It is widely believed that urbanization primarily manifests as an expansion of construction land and frequent building activities. Such progression often triggers deforestation, a reduction in arable land, shifts in land cover, and, consequentially, climatic changes and elevated carbon emissions. However, some studies argue that the impact of different stages of urbanization on carbon emissions varies. Zhou et al. (2021) believe that the relationship between urbanization and land-use change emissions (LUCEs) can be summarized into three modes; however, the findings of this study differ from that perspective [59]. According to the data, only in specific years does UR directly correlate with carbon emissions, indicating that heightened urbanization levels lead to an uptick in carbon emissions within the construction industry. However, in the remaining years, UR did not pass the hypothesis test, indicating a weak association between UR and carbon emissions across various provinces and their neighbors. Given China’s vast territorial extent and stark regional differences, the urbanization pace is not uniform across the country.
For instance, while Shanghai leads with an urbanization rate of 89.3%, Yunnan stands at the lower end with a mere 50.5%. Regions with higher urbanization levels usually boast advanced infrastructure, leading to fewer new construction initiatives.

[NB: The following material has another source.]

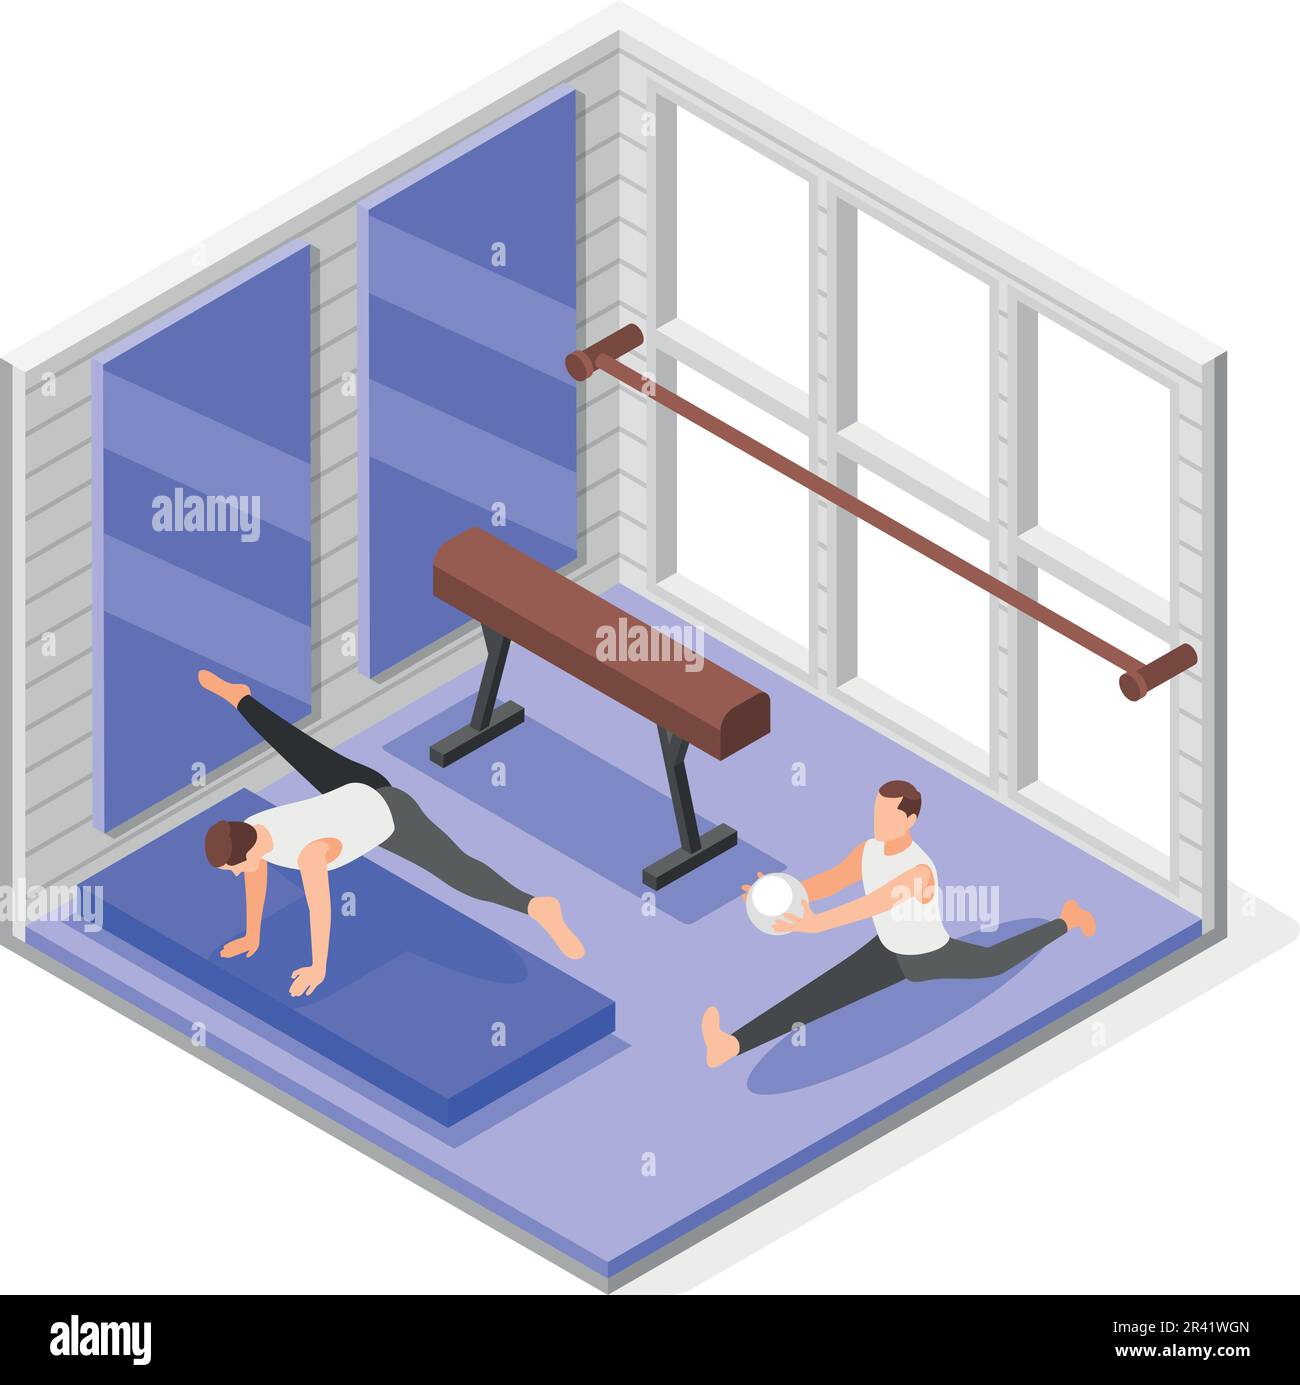 Gymnastik-isometrische Zusammensetzung mit Innenansicht des Fitnessraums mit zwei Übungssportlern und Gymnastikapparat-Vektordarstellung Stock Vektor

Moreover, construction projects in these regions often employ eco-friendly methodologies and materials, minimizing their carbon emissions. Conversely, regions with lower urbanization rates often intensify measures like land expansion and infrastructure development to accelerate urbanization. This tends to sustain high energy consumption in the construction industry, consequently exacerbating carbon emissions. Hence, the influence of UR on construction carbon emissions might be bidirectional, which cannot be simply understood as a direct cause-and-effect relationship between them. Their interrelation remains influenced by multiple factors, aligning with the research perspectives of Wang et al. [60].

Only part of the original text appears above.